Tuesday, June 28, 2005

Thanksgiving in June

Four winged creatures you never want to Flirt with? A Turkey, a Goose, an Eagle, or an Ostrich. I've watched some pretty tough men try and get the snot knocked out of them. (nor would I mess with the cousins of the Ostrich, the Emu, the Rhea or the Cassowary. If you want to tame your Pit Bull, place him in a ring with a Cassowary.)

Real Moods? Memorious, nostalgic, patriotic, thankful.

Three things happened to inspire today's entry. One, Peggy thought my first BLOG entry was about some fish we used to have as pets. Two, thinking about the fish,  I remembered the fish story was part of an earlier journal I'd started before this one. Three,  I was looking at  one of the Spider plants in the house and remembered the fish tank that used to be there. So what the heck? Let's ressurect the entry of Thanksgiving day, 2004.

November 25, 2004

   Thanksgiving.  Our normal ritual on this last Thursday in November is to look around, watch families stress over the preparation of a feast that requires a month of fasting and six months with a personal trainer to recover from.  With no really close family in town, we go out.   This year we invited our friend Cheri.

   It was my fear that my journal would be reduced to a light hearted description of the fare we would ingest.  In short, I feared ennui, both mine and yours.

   My bride Peggy altered that reality.  She had determined the first part of our day would include the scouring of the fish tank.  It had been looking a little cloudy, maybe a lot cloudy.  Well we brought in all the cleaning accoutrements from the garage. The normal routine for this operation is to draw water down, change or clean the filter, wash the growth off glass, suck some of the gunk out of the pebbles.  Peggy had a bigger vision.  We would take the fish out of the tank, put them in a bucket, take the tank outside, wash the pebbles out with a hose, scrub everything down, and then put everything back together like new.  Peggy lithely fashioned a net out of things around the garage, pulled the fish from their environment, and we went to work.  Right away we noticed that one of the bigger fish was bent in the middle.  Really odd shape.  We decided to speed up the cleaning process hoping to save the poor guy.  Within just a few minutes he was a goner.  We are working as fast as we can, but Peggy looks down and two more are swimming sideways, and then upside down.   We work even faster.  We see them wiggle a little, quickly put them back into their known quarters, one floats to the top, one turns upside down.  I’ll tell you that net came in handy.  Now we are down to just one fish left.  For a few minutes he darted around really healthy like.  I mean he was home, it was clean, the filter was cleaned out, and the chlorination had been adjusted.  Still he must have been lonely.  He tipped to his side, rolled over; nose dove, and then seemed to have lost all sense of direction and gave up the ghost.  Peggy felt horrible guilt.

 

 I can be a compassionate guy.  All forms of life intrigue me, but somehow I can rationalize the great fish massacre of Thanksgiving 2004. They were my fish, a gift.  I fed them, I looked at them, and I watched them pick out their pecking order, their duties.  Still, no matter how hard I tried, I couldn’t get close to them.They had no names. Don’t know if I’ll try it again.  But I am going to keep the tank. It looks really cool clean.  It can be a conversation piece as guests desperately look for inhabitants.  I may just create some in my mind to keep the hunt alive.   
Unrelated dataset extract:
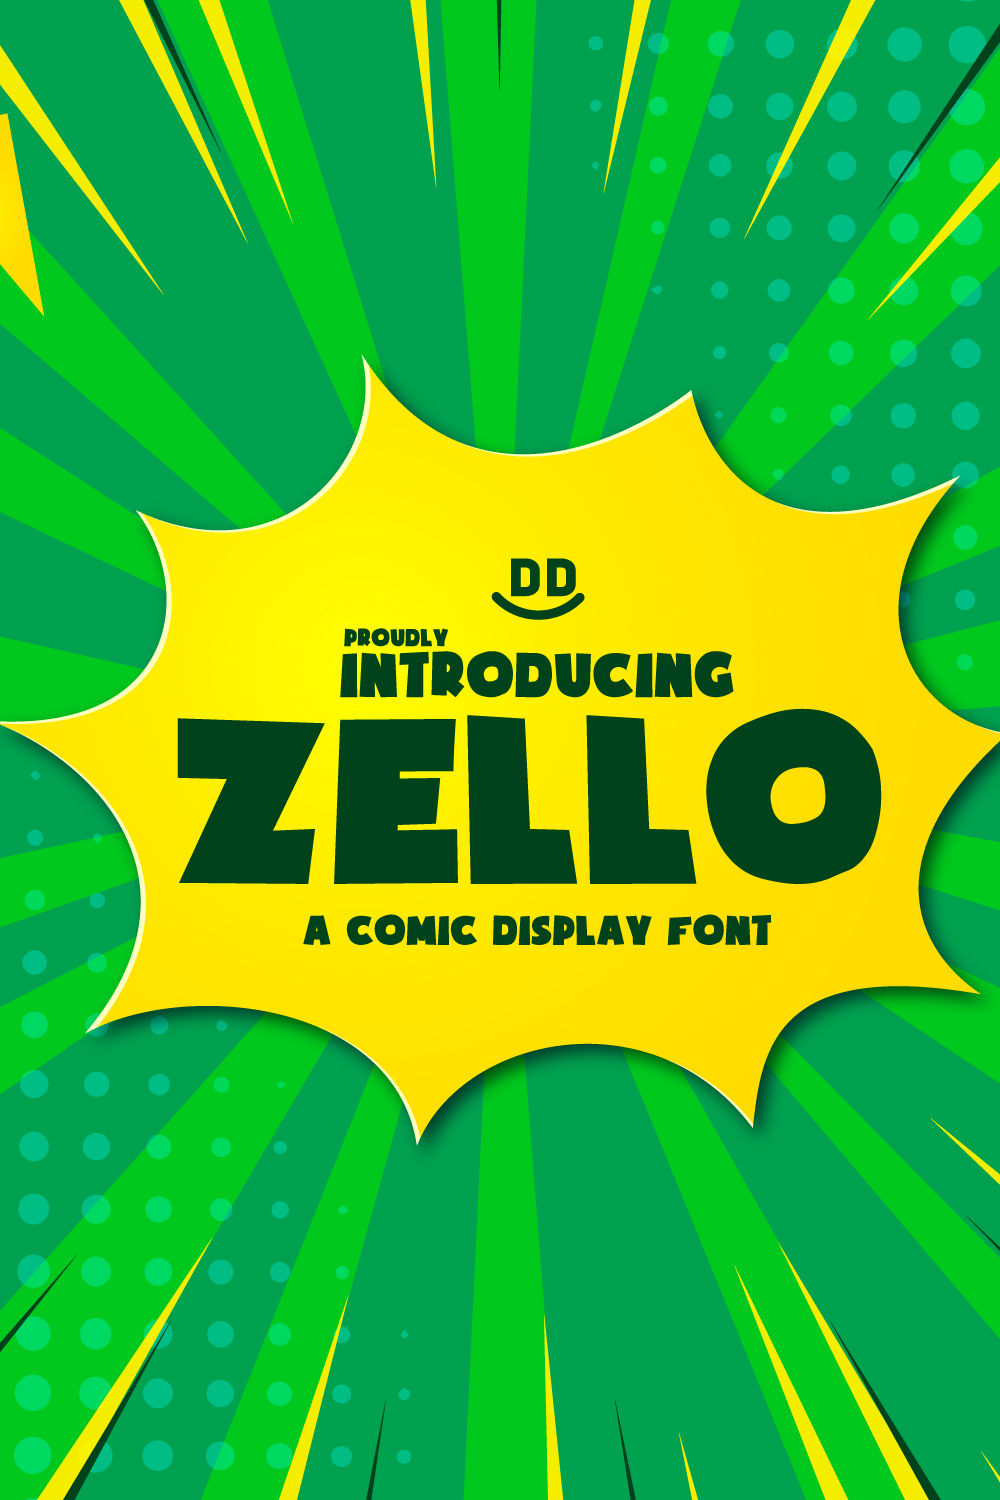 Zello comic display font pinterest preview image.

  Somewhere in here we watched Indianapolis immasculate Detroit on Detroit's home turf. That Manning kid, what a showboat.

      Okay, to dinner.  At Cheri’s request we do Le Central, affordable French Turkey. They do do a nice job.  And Crème Brule rivals pumpkin pie as the pies de resistance.

       Our wine waiter, and our waitress, both from France are wrestling with the English language. But since the fare was Turkey, and the meal was  prix fix,  there didn’t need to be a whole lot of intelligent exchange.   We did throw the waitress a curve asking her to translate Pepe Le Pues’ common phrase, “Sacra Bleu.”  Turns out our guess was as good as hers. Two glasses of wine, 10 pounds of Faux French food (only because it was thanksgiving), and Crème Brule causes one to pose such deep queries.

 

Epilogue: Cheri has since gotten married and moved to Ireland where no one speaks french. And let's see, Ostrich, Cartoon Skunk, Wine, Spider Plant, Fish, Creme Brule, Thanksgiving, June 28th? There must be a connection  here somewhere.